I am completely new to aquariums but I really want to get into it and I have done as much research as I possibly can (while I saved up for it). I have researched cleaning, feeding, aquarium set up and which fish get along with which and I think I have decided what tank I wanted to get and which fish I wanted to keep. In the relatively tall 64 Litre tank I will keep:

3x Angelfish
5x Gourami
2x Zebra Nerite Snails

(I chose these fish as I have been told they are easy to look after and they are very colourful and interesting).

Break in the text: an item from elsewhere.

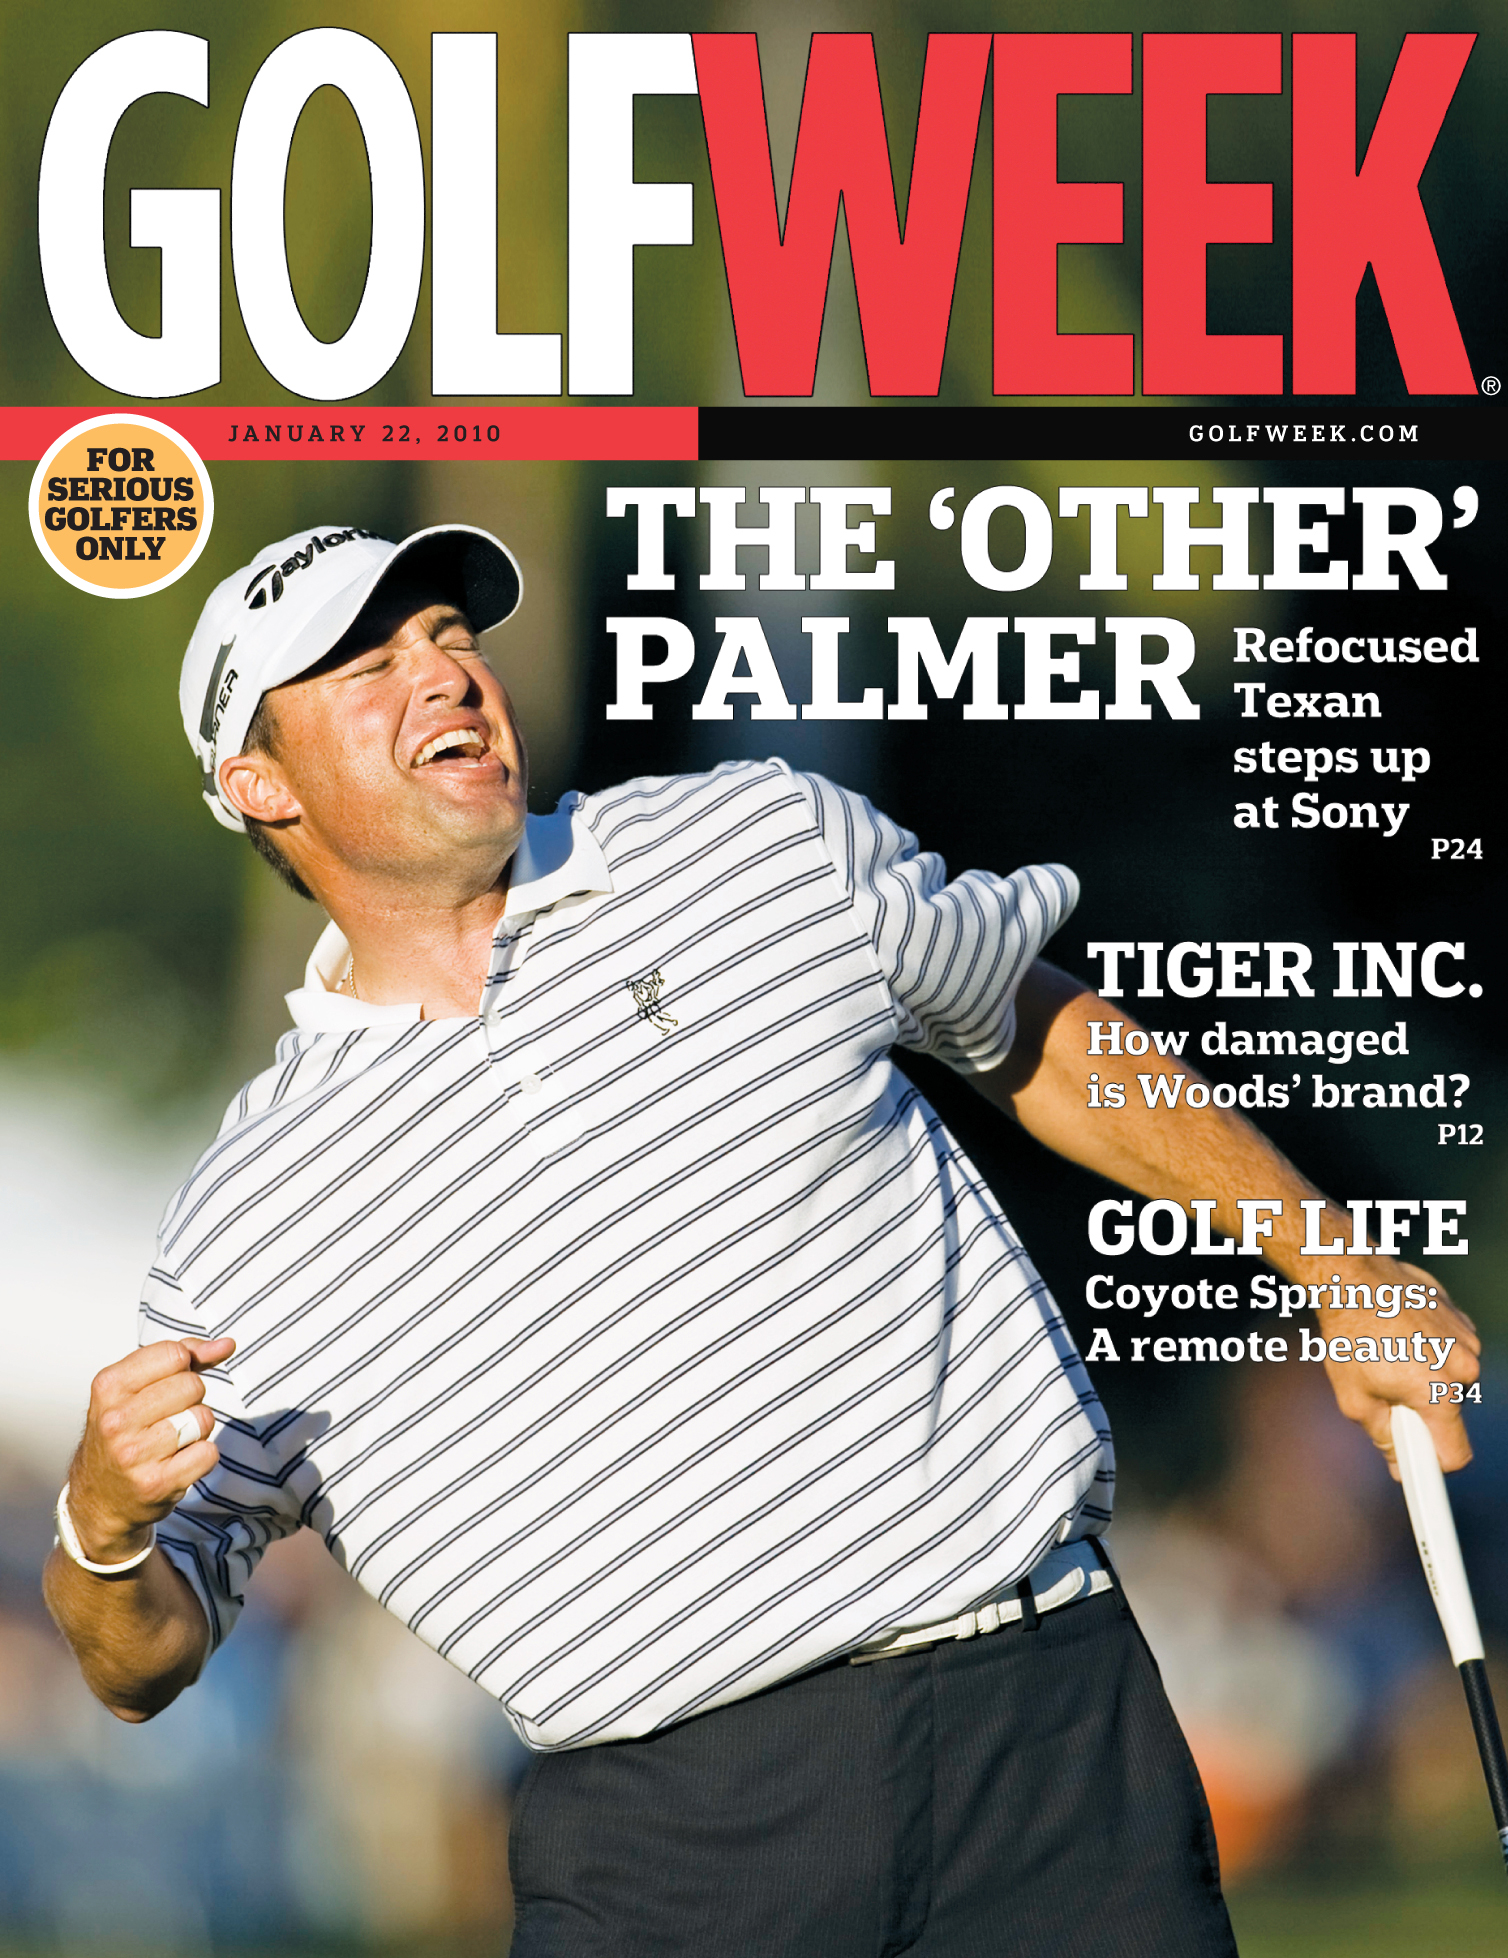 Golfweek (Jan. 22, 2010)

I tried to compromise as much as possible. I was thinking about tetras but I didn’t want to squeeze too many into the tank. With the 64L tank and these fish, do you guys think they will have adequate room? The tank will have 2-3mm plain gravel and mostly plastic plants (with the exception of a couple of moss balls) and a few ornaments. The tank will of course have a good filter and a good tropical heater. I plan to clean the tank once a week with a gravel cleaner, brush and do a 20% water change. I am hoping that the snails will help clean the tank as well .

I think that kinda sums everything up, all I am asking really is if any of you pros have any tips, tricks or whether I should reduce the number of fish? (Although I really want to have an as vibrant tank as possible). Or if anyone has any tips on cleaning tropical tanks or feeding the fish that would also be great. Thanks for reading!

-Joe


----------



## magpie (Jan 3, 2009)

Hi Joe & welcome to the forum 

I'm going to tag some of our other regulars to give you some advice as I don't have any experience with the particular fish you mention - @LinznMilly @George Duke-Cohan

I think I'm right in saying that a 64L tank would be too small for angels though I'm afraid.

In the meantime here are some useful posts for you to look at on how to set up your tank:
Fishkeeping Basics
The Nitrogen Cycle


----------



## bunnygeek (Jul 24, 2018)

Welcome! I agree that a 64 litre is going to be too small for the fish you're thinking of I'm afraid.

Angelfish get really quite big and you'd need more like over 180-200 litres for them.

Do you know what species of Gourami you were thinking of? Keeping them in groups can be tricky, especially in a smaller tank, as males are territorial. Some species are worse than others and some species will get too big for a 64 litre.

Definitely have a good read about the nitrogen cycle too.


----------



## LinznMilly (Jun 24, 2011)

Joe Moulding said:


> Hello,
> 
> I am completely new to aquariums but I really want to get into it and I have done as much research as I possibly can (while I saved up for it). I have researched cleaning, feeding, aquarium set up and which fish get along with which and I think I have decided what tank I wanted to get and which fish I wanted to keep. In the relatively tall 64 Litre tank I will keep:
> 
> ...


Hi. Welcome to the forum.

Angels get to about 6" when adult. They do need tall tanks as opposed to long, but as the others have said, 64ltrs is too small for them. You'd be talking 150ltr minimum.

A trio of Honey Gourami might be doable, and a larger group of Sparkling Gourami is certainly possible. Alternatively, a single male Dwarf Gourami with a shoal of Harlequin Rasbora could be an option.

Hope that helps - and please do check out those links.


----------